◆ Task to carry out ◆
In the listing below, locate the line with "Comparison between 'Perfect" and the line with "Product image of", then output both and everything between them exactly, minus any pictures.

◆ Provided information ◆
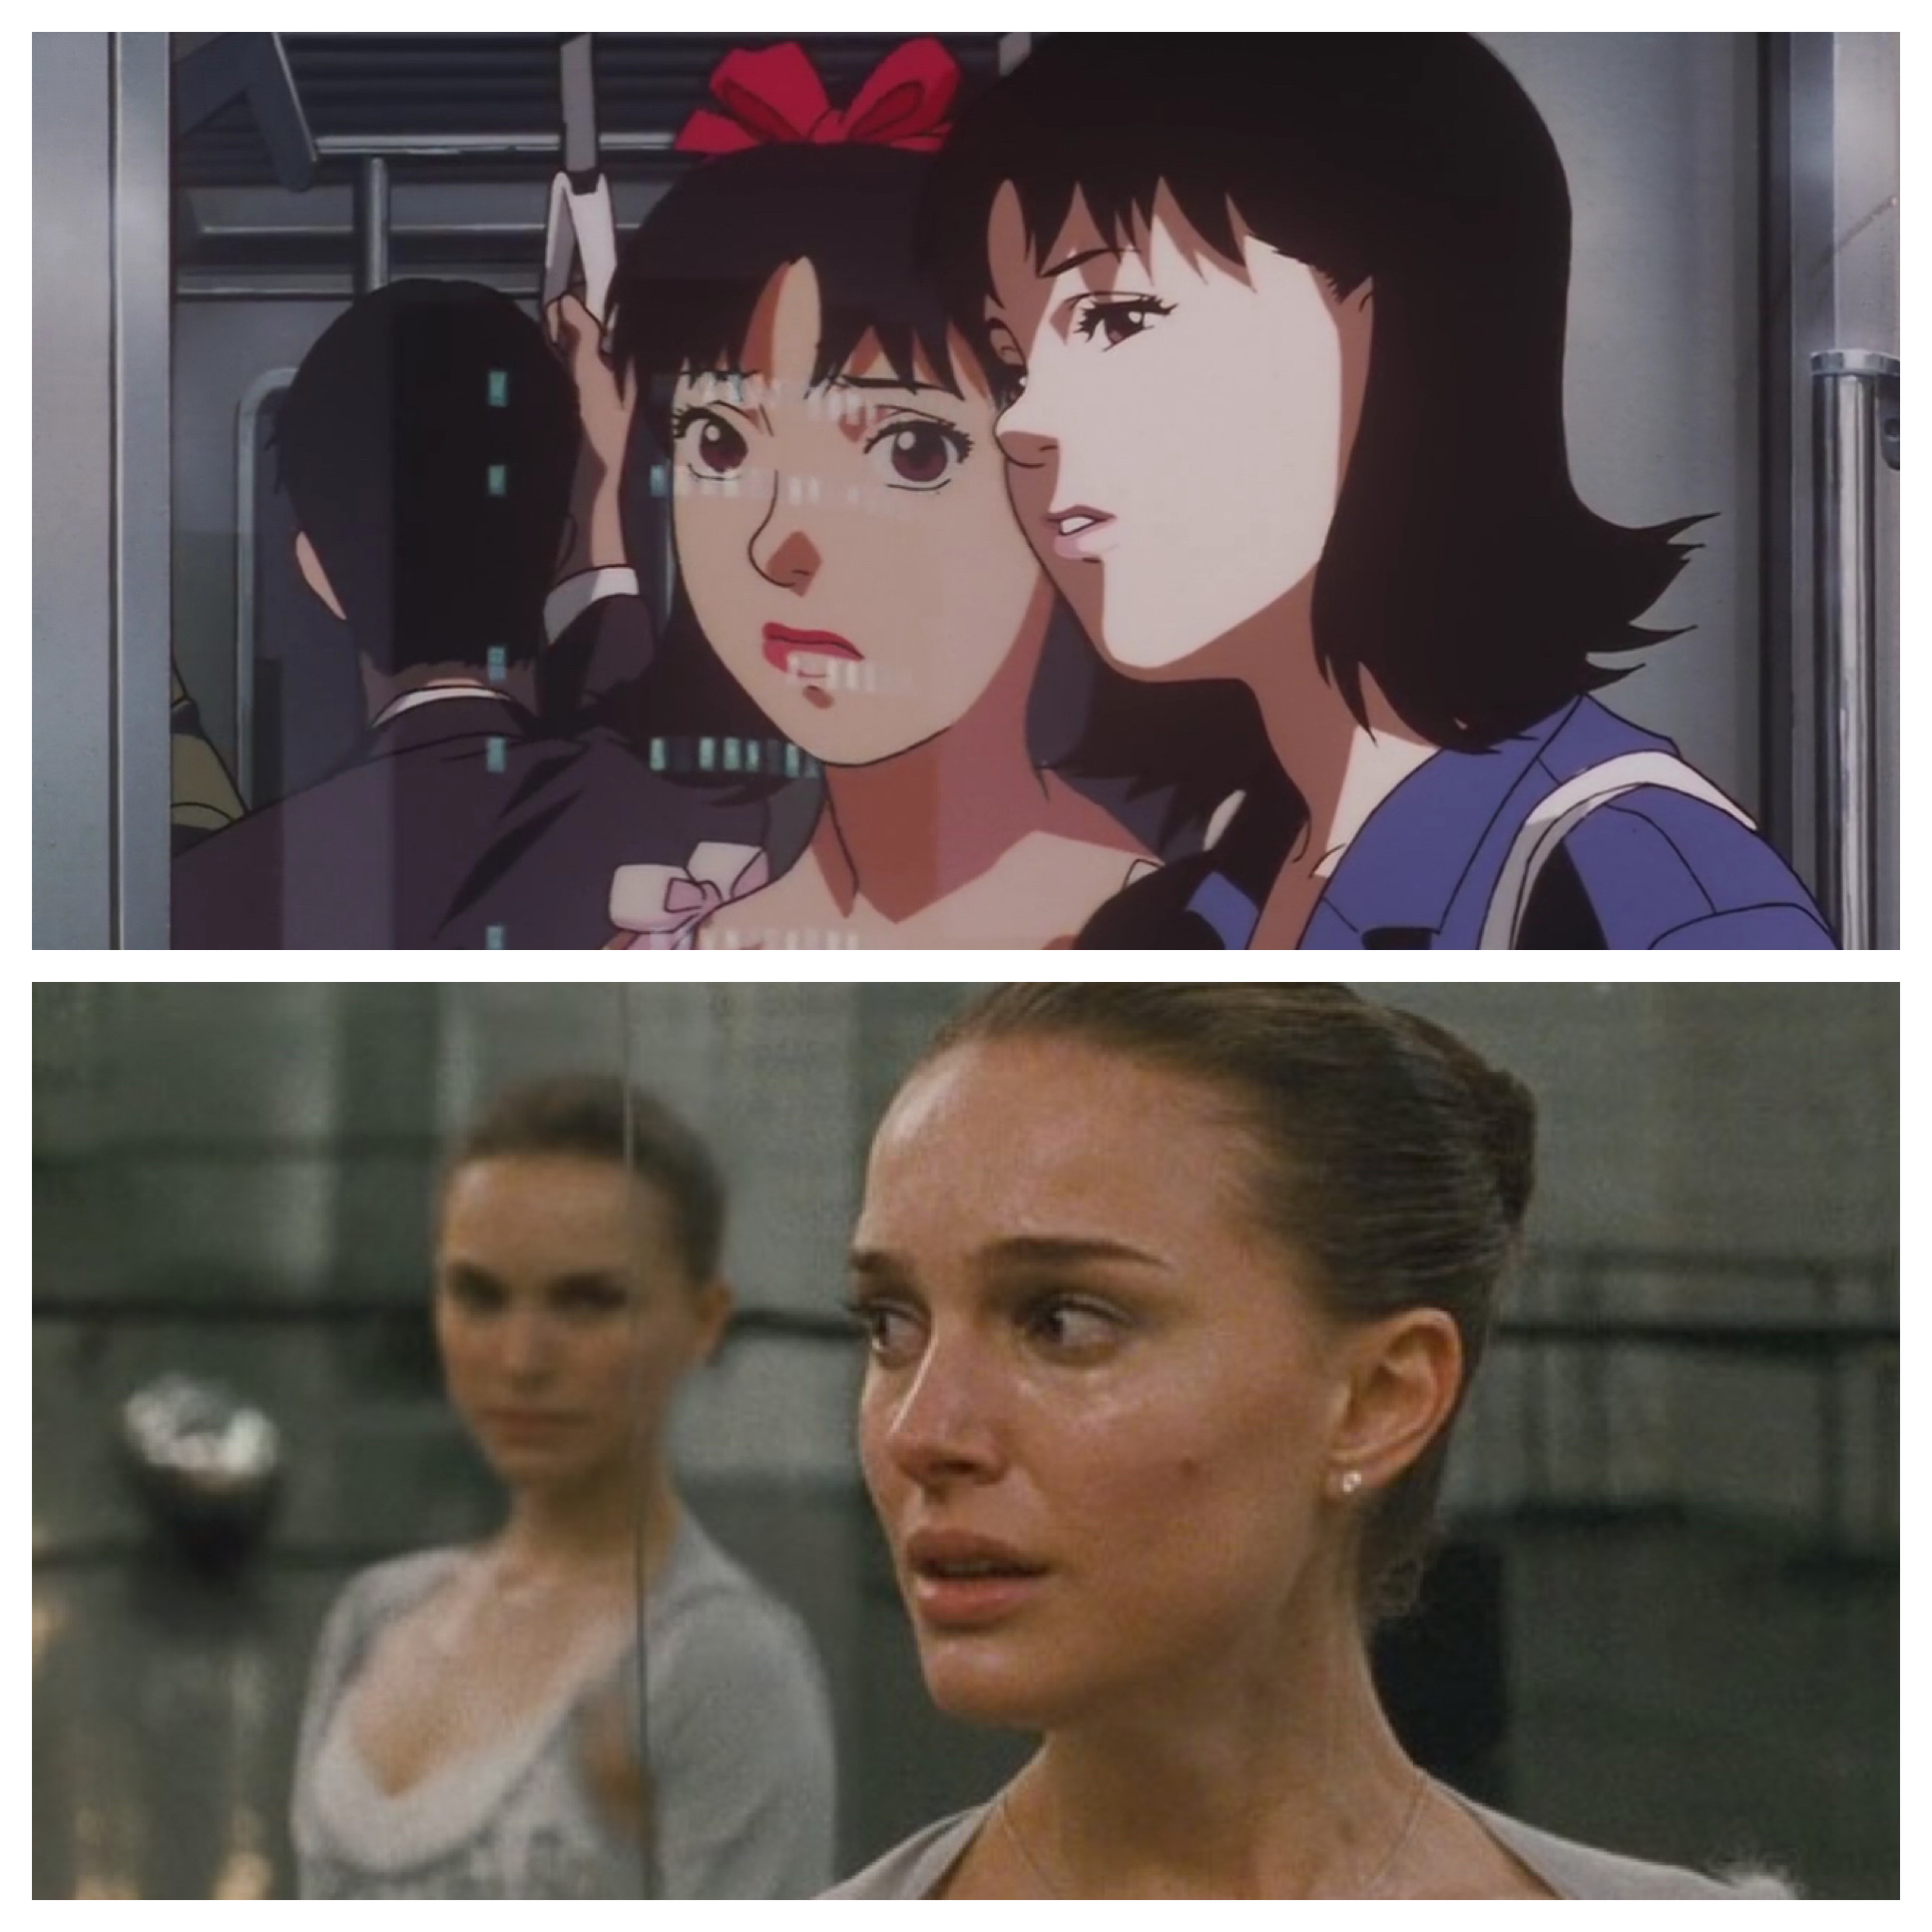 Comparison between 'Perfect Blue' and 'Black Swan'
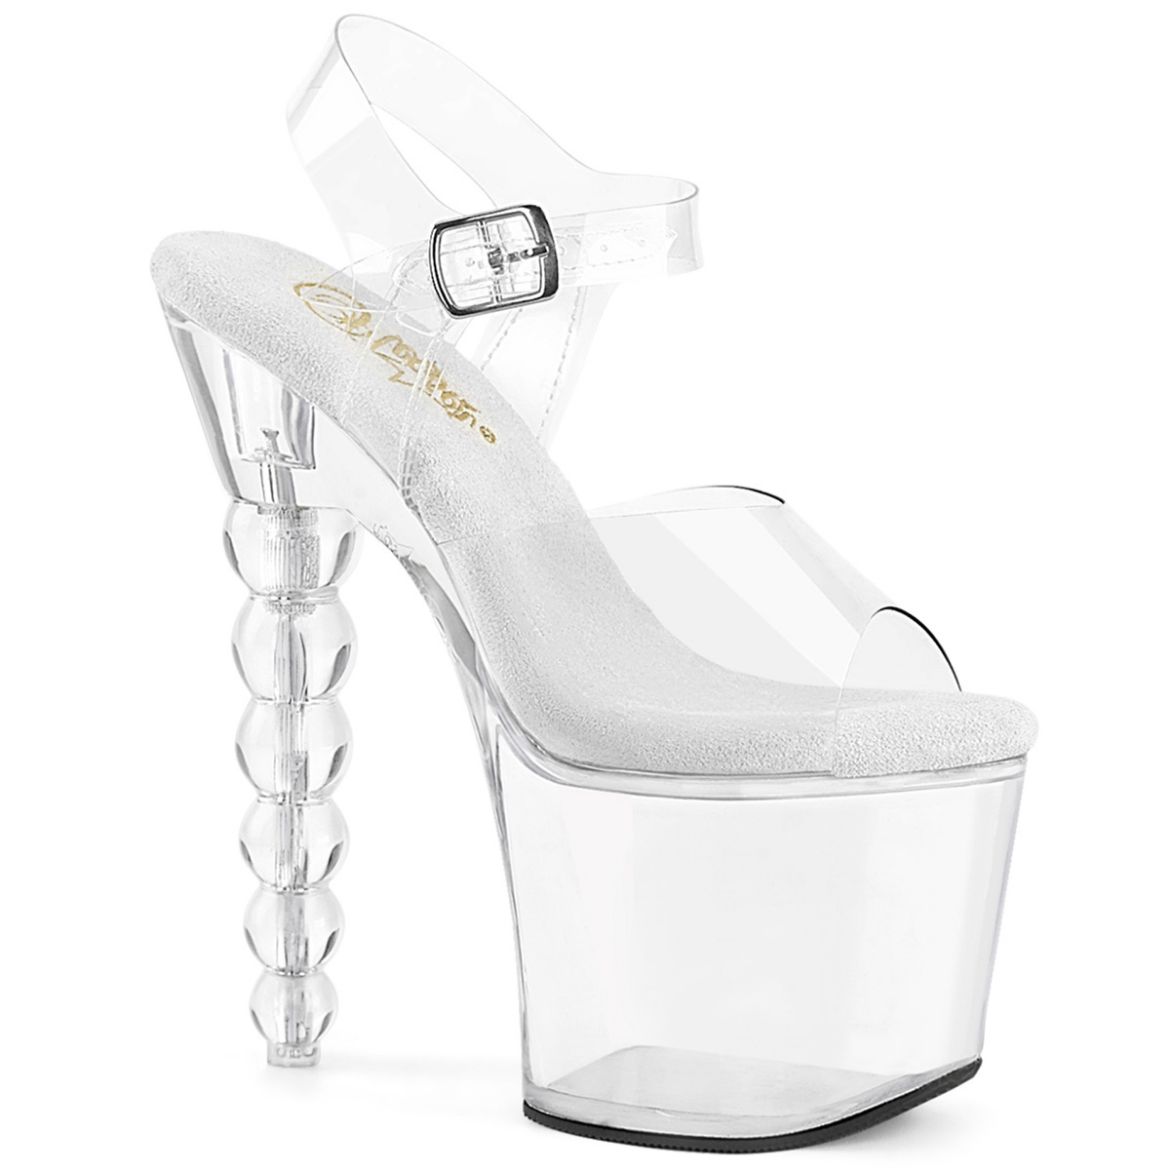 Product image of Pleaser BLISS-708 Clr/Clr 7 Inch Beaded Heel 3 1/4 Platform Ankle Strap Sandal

---

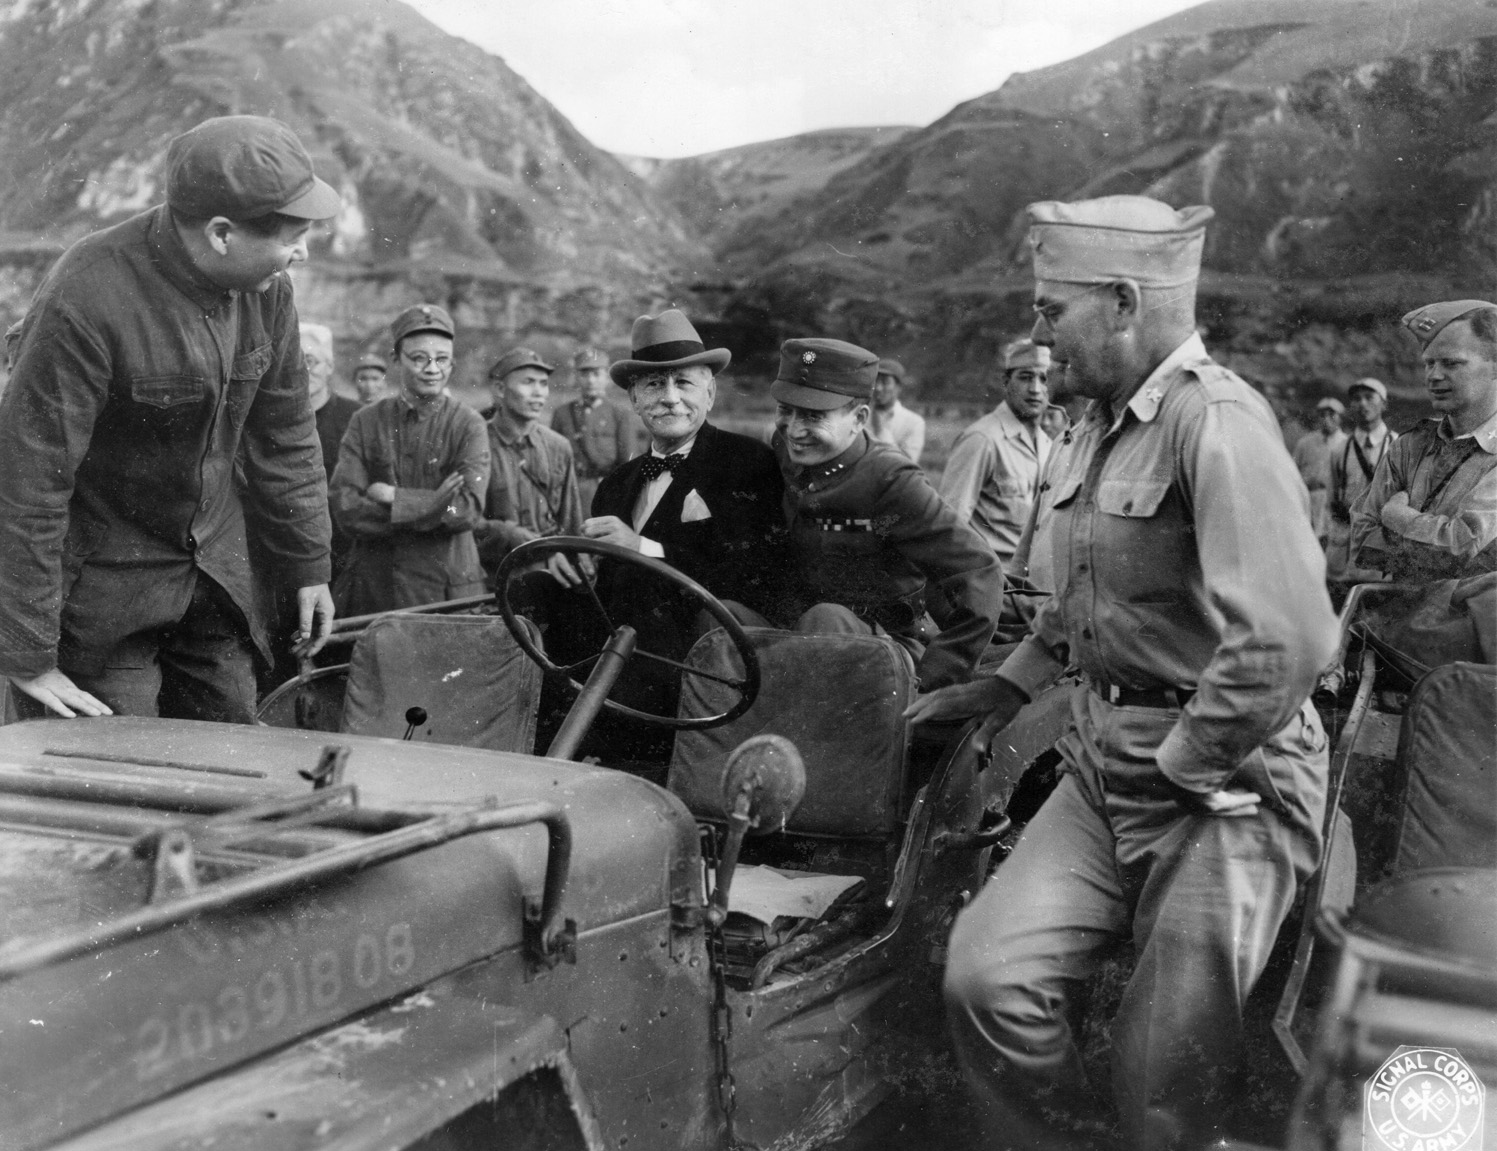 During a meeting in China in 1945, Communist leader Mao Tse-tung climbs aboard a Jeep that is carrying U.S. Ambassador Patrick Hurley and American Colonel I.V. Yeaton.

==

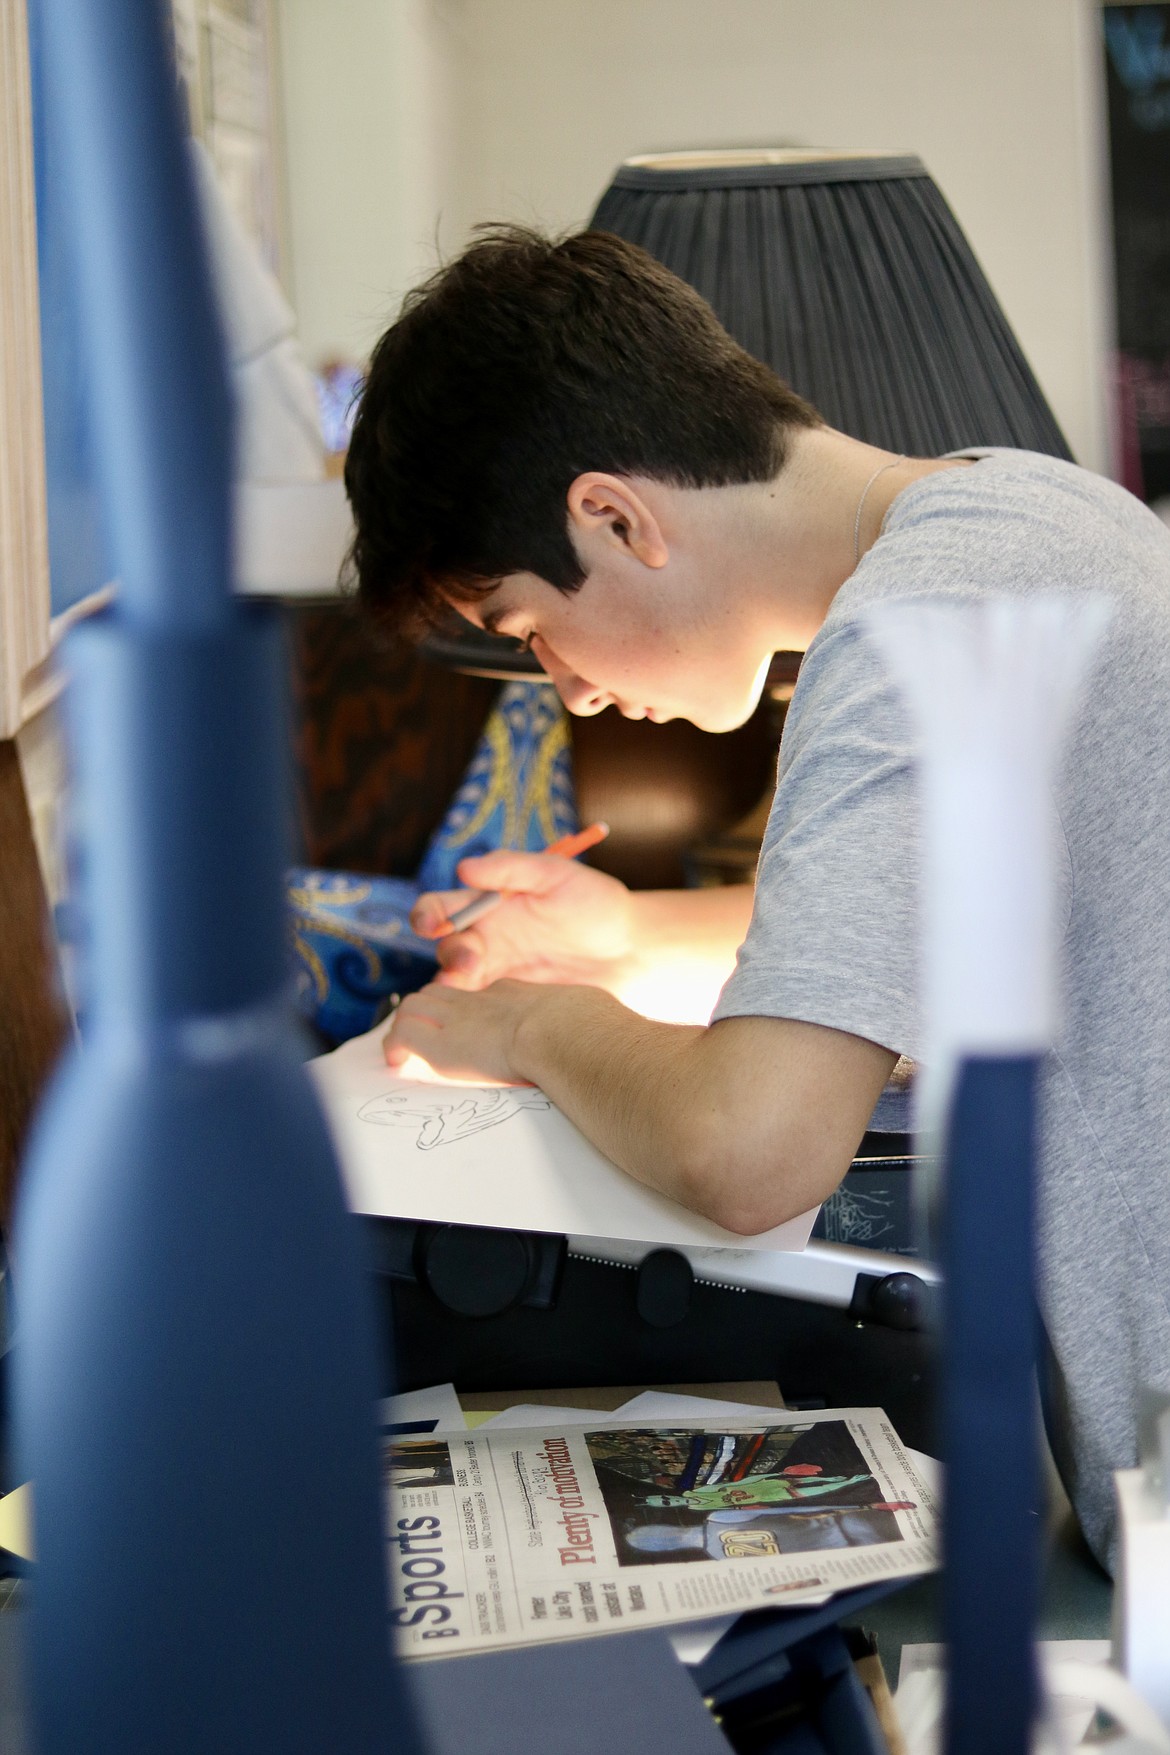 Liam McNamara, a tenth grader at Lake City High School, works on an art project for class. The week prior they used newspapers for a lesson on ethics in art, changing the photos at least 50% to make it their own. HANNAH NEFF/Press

◆ Problem solution ◆
 Comparison between 'Perfect Blue' and 'Black Swan'
 Product image of Pleaser BLISS-708 Clr/Clr 7 Inch Beaded Heel 3 1/4 Platform Ankle Strap Sandal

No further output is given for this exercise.